Operating Agreement
of
ADVANCED WEAPONS, LLC
Article I
1. Name: The name of the Limited Liability Company shall be Advanced Weapons, LLC.
2. Place of Business: The principal place of business of the LLC shall be 1125 X Street NW, Alexandria, VA 22305.
3. Purpose: The nature of the business is to provide thermal coating applications and to engage in any lawful act or activity for which LLCs may be organized under the Virginia Business Act.
4. Members: There will be five members at the time the company is formed.
5. Dissolution Date: The latest date on which the company can dissolve is thirty (30) years from the date thereof.
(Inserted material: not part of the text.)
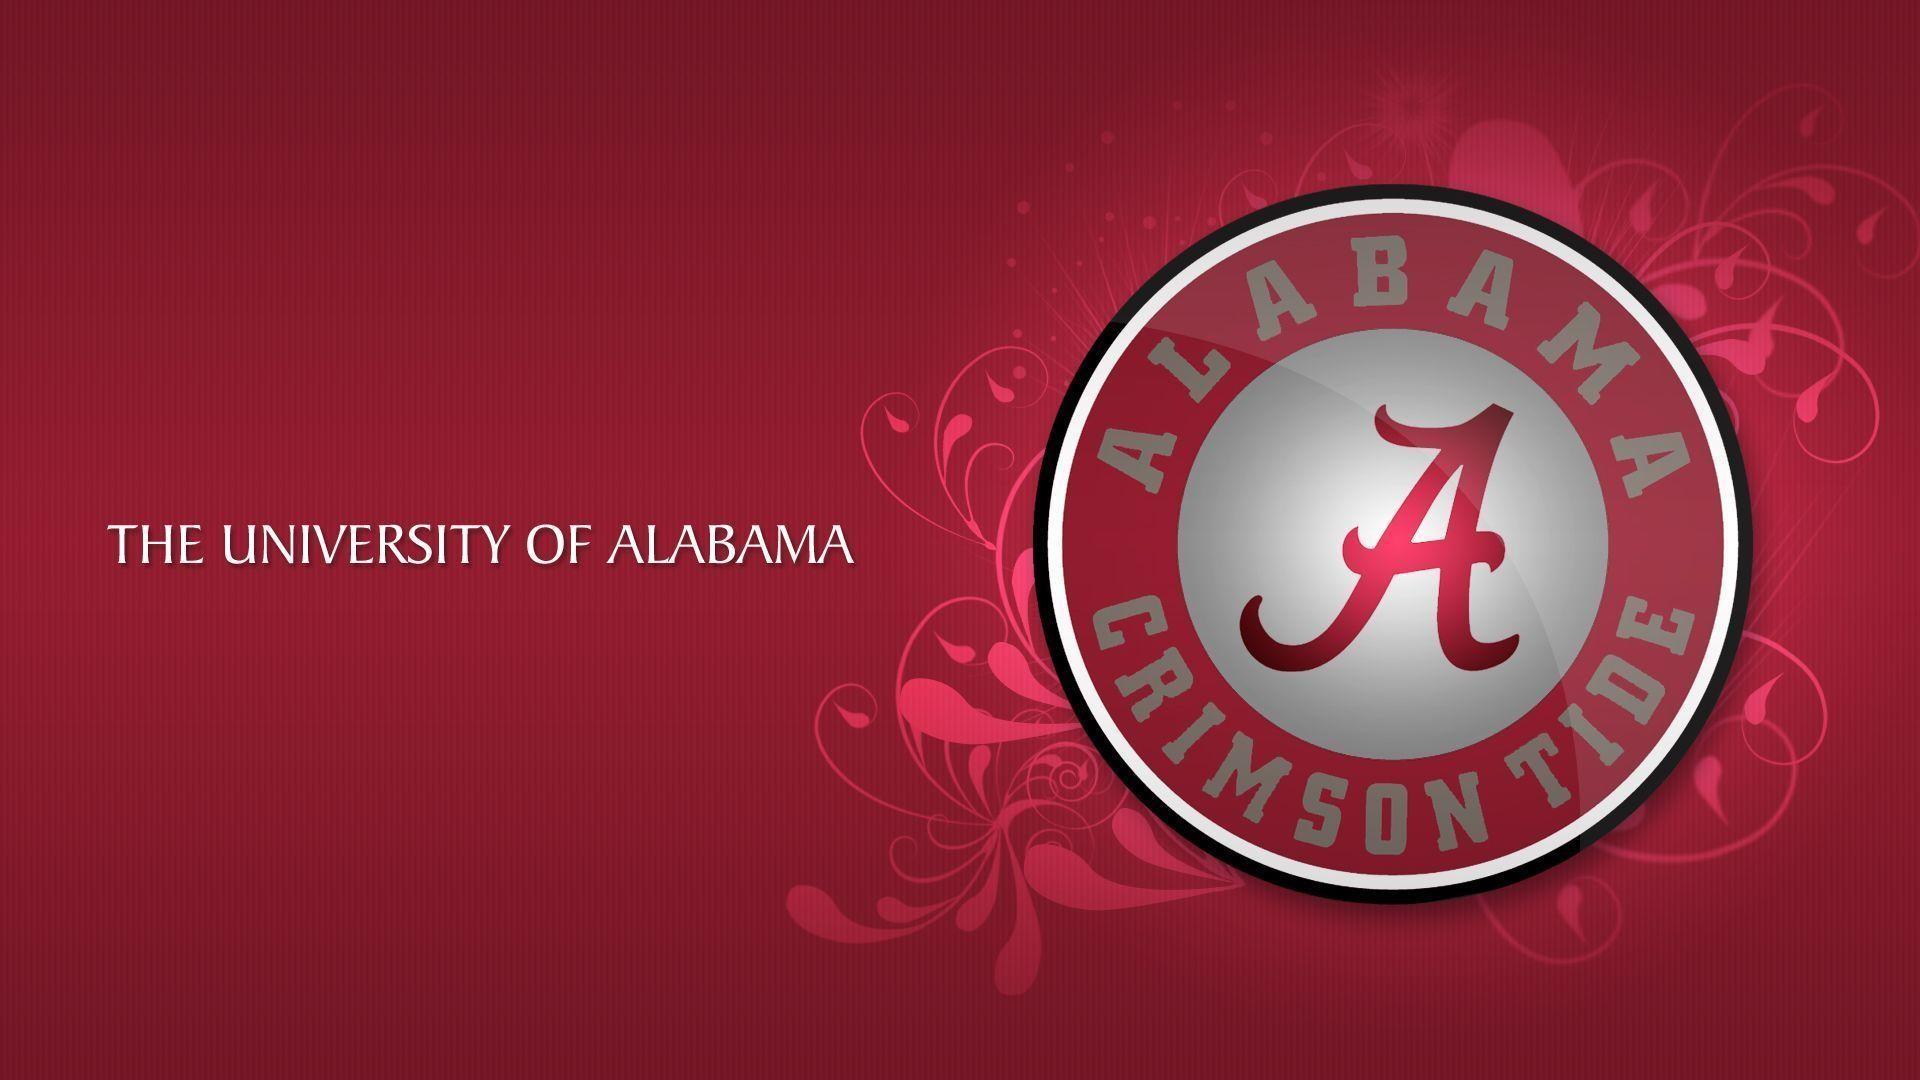 Alabama Crimson Tide Nike Football Uniform Helmetgame Wallpaper Twelve

6. Management: Management of the company is vested in five members. The initial five members of the LLC are: Randy Jones, Brenda Gill, Brandon Lee, Tim Hardy, and Greg Waters. Each member owns 20% interest of the initial capital investment. Members also have the ability to appoint a President and Secretary. Randy Jones was appointed to serve as President and Brandon Lee was appointed to serve as Secretary.
Article II
Capital Contributions: Each member will initially contribute $10,000.00.
Article III
Management: The business and affairs of the company shall be managed by the five designated members. Each member shall direct, manage and control the business of the company to the best of their ability and shall have full and complete authority, power and discretion to make any and all decisions and to do any and all things which the members deem to be reasonable and required to accomplish the business and objectives of the company.
Article IV
Percentage Interests: The Percentage Interests of the members are as follows:
Randy Jones-20%
Brenda Gill-20%
Brandon Lee-20%
Tim Hardy-20%
Greg Waters-20%
Dated: June 21, 1999
State of Virginia
Typed name of Members Signature(s)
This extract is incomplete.